Useful command to launch a jupyter server that does serverside notebook rendering and hence never loses state even after being closed:
uv run jupyverse --set frontend.collaborative=true --set auth.mode=noauth --set kernels.require_yjs=true --set jupyterlab.server_side_execution=true --port 8349- Kaggle link: https://www.kaggle.com/competitions/50-007-machine-learning-summer-2024
- Rubrics: https://www.kaggle.com/competitions/50-007-machine-learning-summer-2024/overview/grading-metric
task1.ipynb and task2.ipynb is expected to be relatively simple to do, so one person can take each. task3/ is a folder because part of the deliverables is every method we tried. So everyone can try different methods as separate notebooks inside the folder.
Below are details copied from the Kaggle:
(lol) The detection of online hate speech can be formulated as a text classification task: "Given a social media post, classify if the post is hateful or non-hateful". In this project, you are to apply machine learning approaches to perform hate speech classification. Specifically, you will need to perform the following tasks.
All good projects must come to an end. You will need to document your machine learning journey in your final report. Specifically, please include the following in your report:
- An introduction of your best performing model (how it works)
- How did you "tune" the model. Discuss the parameters that you have used and the different parameters that you have tried before arriving at the best results.
- Did you self-learned anything that is beyond the course? If yes, what are they, and do you think if it should be taught in future Machine Learning courses.
- A final report (in PDF) answering the above questions.
Implement Logistic Regression from scratch. DO NOT USE sklearn logistic regression or any other pre-defined logistic regression package.
- Code implementation of the Logistic Regression modele.
- Predictions made by Logistic Regression model on Test set named as
LogRed_Prediction.csv. (I copied the typo from Kaggle)
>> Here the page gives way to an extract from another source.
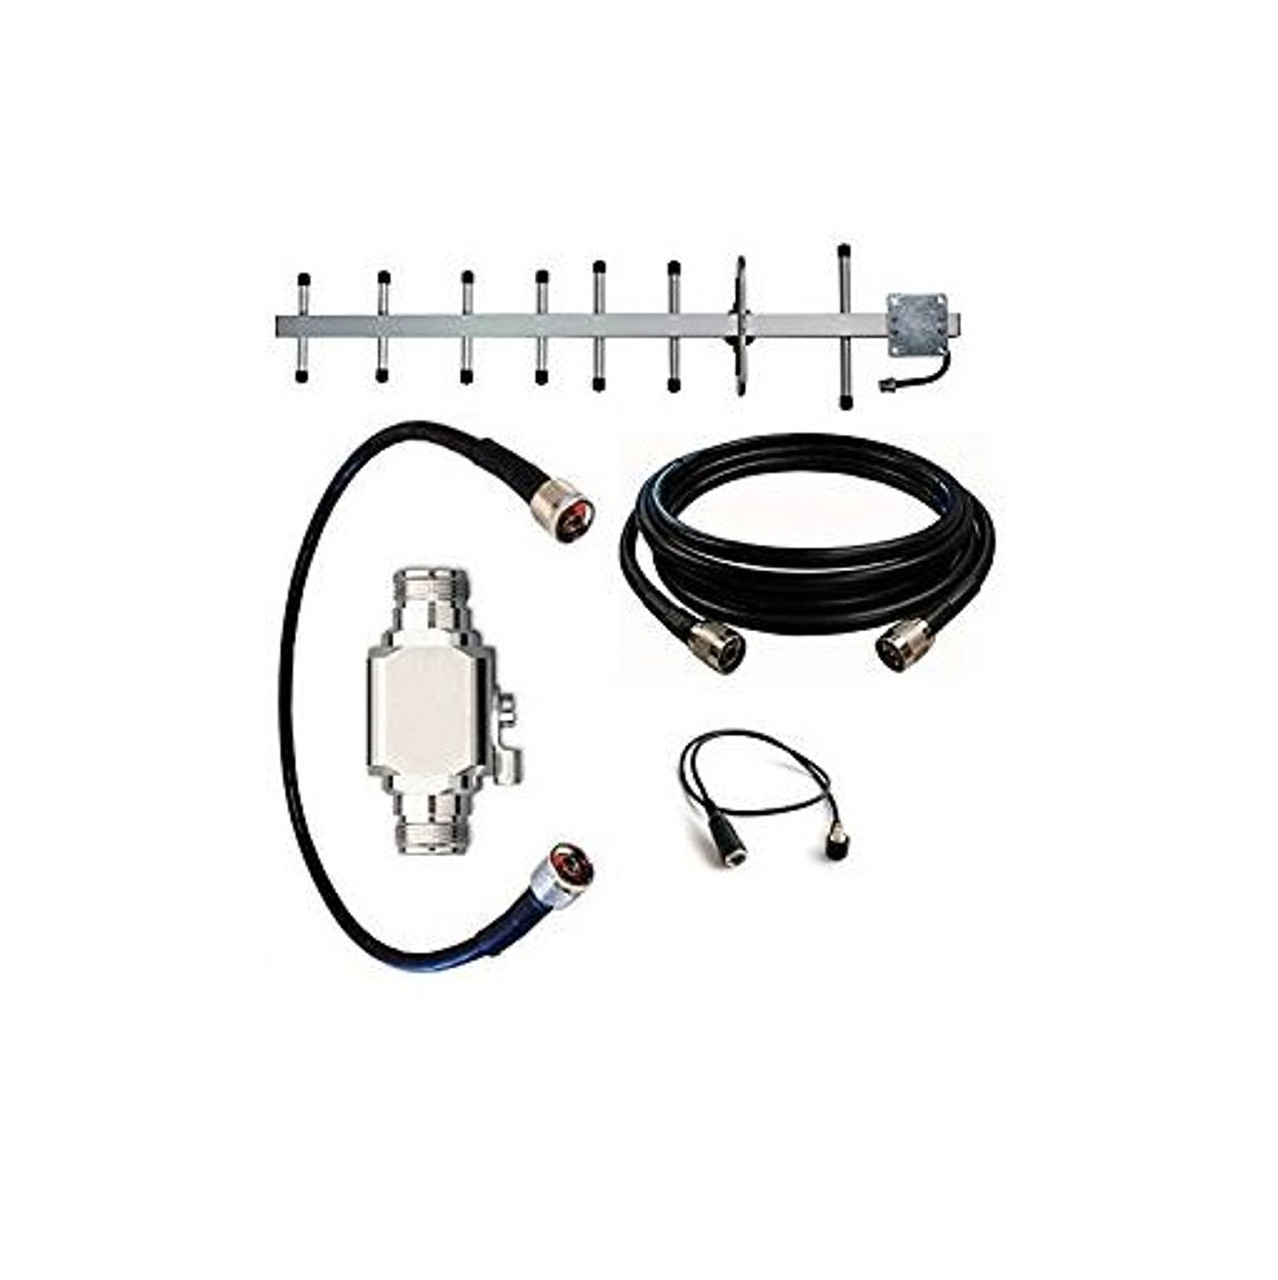 100 ft Directional Antenna Kit for Huawei E8372 USB Dongle - Engr E-Store

- Check out the Logistic Regression implementation from: https://towardsdatascience.com/logistic-regression-from-scratch-in-python-ec66603592e2
- Your implementation should have the following functions:
sigmoid(z): A function that takes in a Real Number input and returns an output value between 0 and 1.loss(y, y_hat): A loss function that allows us to minimize and determine the optimal parameters. The function takes in the actual labels y and the predicted labels y_hat, and returns the overall training loss. Note that you should be using the Log Loss function taught in class.gradients(X, y, y_hat): The Gradient Descent Algorithm to find the optimal values of our parameters. The function takes in the training feature X, actual labels y and the predicted labels y_hat, and returns the partial derivative of the Loss function with respect to weights (w) and bias (db).train(X, y, bs, epochs, lr): The training function for your model.predict(X): The prediction function where you can apply your validation and test sets.
Dimension reduction is the transformation of data from a high-dimensional space into a low-dimensional space so that the low-dimensional representation retains some meaningful properties of the original data. The train dataset contains 5000 TD-IDF features. In this task, you are to apply PCA to reduce the dimension of features.
- Code implementation of PCA on the train and test sets. Note that you are allowed to use the sklearn package for this task.
- Report the Macro F1 scores for applying 2000, 1000, 500, and 100 components on the test set. Note that you will have to submit your predicted labels to Kaggle to retrieve the Macro F1 scores for the test set and report the results in your final report. Use KNN as the machine learning model for your training and prediction (You are also allowed to use the sklearn package for KNN implementation) (set n_neighbors=2).
In this course, you are exposed to many other machine learning models. For this task, you can apply any other machine learning models (taught in the course or not) to improve the hate speech classification performance! Nevertheless, you are NOT TO use any deep learning approach (if you are keen on deep learning, please sign up for the Deep Learning course! - highly encourage!).
To make this task fun, we will have a race to the top! Bonus marks will be awarded as follows:
- 1 mark: For the third-highest score on the private leaderboard.
- 2 marks: For the second-highest score on the private leaderboard.
- 3 marks: For the top-highest score on the private leaderboard.
Note that the private leaderboard will only be released after the project submission. The top 3 teams will present their solution on week 13 to get the bonus marks!
- Code implementation of all the models that you have tried. Please include comments on your implementation (i.e., tell us the models you have used and list the key hyperparameter settings).
- Submit your predicted labels for the test set to Kaggle. You will be able to see your model performance on the public leaderboard. Please make your submission under your registered team name! We will award the points according to the ranking of the registered team name.